• _EXERCISE DESCRIPTION_
Reproduce the top of the data verbatim, through and including the line that contains "Eizo CG2700S ColorEdge".

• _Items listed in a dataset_
= = =
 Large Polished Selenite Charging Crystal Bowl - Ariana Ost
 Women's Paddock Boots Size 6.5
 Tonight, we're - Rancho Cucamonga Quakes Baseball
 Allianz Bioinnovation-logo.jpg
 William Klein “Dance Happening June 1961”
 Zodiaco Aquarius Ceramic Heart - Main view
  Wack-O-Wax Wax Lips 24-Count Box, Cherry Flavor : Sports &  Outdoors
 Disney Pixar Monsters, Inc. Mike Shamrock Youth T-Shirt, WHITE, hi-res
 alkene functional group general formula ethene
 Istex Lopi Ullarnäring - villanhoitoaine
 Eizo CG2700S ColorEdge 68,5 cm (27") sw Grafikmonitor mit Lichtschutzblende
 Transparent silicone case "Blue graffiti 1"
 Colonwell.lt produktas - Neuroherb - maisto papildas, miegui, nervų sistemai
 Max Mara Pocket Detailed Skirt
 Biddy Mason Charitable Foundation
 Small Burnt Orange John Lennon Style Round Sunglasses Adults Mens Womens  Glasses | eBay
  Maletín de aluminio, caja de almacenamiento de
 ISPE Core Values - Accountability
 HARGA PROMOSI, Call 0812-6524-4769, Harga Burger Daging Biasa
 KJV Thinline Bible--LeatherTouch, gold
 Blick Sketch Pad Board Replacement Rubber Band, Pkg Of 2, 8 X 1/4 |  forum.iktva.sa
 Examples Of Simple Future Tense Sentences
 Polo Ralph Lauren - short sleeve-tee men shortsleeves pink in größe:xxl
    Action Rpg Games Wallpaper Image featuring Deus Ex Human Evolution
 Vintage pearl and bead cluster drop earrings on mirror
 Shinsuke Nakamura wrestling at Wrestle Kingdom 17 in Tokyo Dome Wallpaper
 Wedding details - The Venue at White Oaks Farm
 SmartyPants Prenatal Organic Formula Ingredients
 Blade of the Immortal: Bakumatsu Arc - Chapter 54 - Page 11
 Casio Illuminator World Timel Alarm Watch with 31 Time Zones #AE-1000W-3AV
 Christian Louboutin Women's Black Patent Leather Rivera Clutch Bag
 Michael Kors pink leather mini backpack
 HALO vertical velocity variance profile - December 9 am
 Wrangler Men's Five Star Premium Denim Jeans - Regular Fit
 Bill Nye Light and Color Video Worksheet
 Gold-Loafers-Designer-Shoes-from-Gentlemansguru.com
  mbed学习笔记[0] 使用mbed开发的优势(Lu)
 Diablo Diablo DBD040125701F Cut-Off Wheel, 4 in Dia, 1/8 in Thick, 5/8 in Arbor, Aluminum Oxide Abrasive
= = =
• _TASK ANSWER_
 Large Polished Selenite Charging Crystal Bowl - Ariana Ost
 Women's Paddock Boots Size 6.5
 Tonight, we're - Rancho Cucamonga Quakes Baseball
 Allianz Bioinnovation-logo.jpg
 William Klein “Dance Happening June 1961”
 Zodiaco Aquarius Ceramic Heart - Main view
  Wack-O-Wax Wax Lips 24-Count Box, Cherry Flavor : Sports &  Outdoors
 Disney Pixar Monsters, Inc. Mike Shamrock Youth T-Shirt, WHITE, hi-res
 alkene functional group general formula ethene
 Istex Lopi Ullarnäring - villanhoitoaine
 Eizo CG2700S ColorEdge 68,5 cm (27") sw Grafikmonitor mit Lichtschutzblende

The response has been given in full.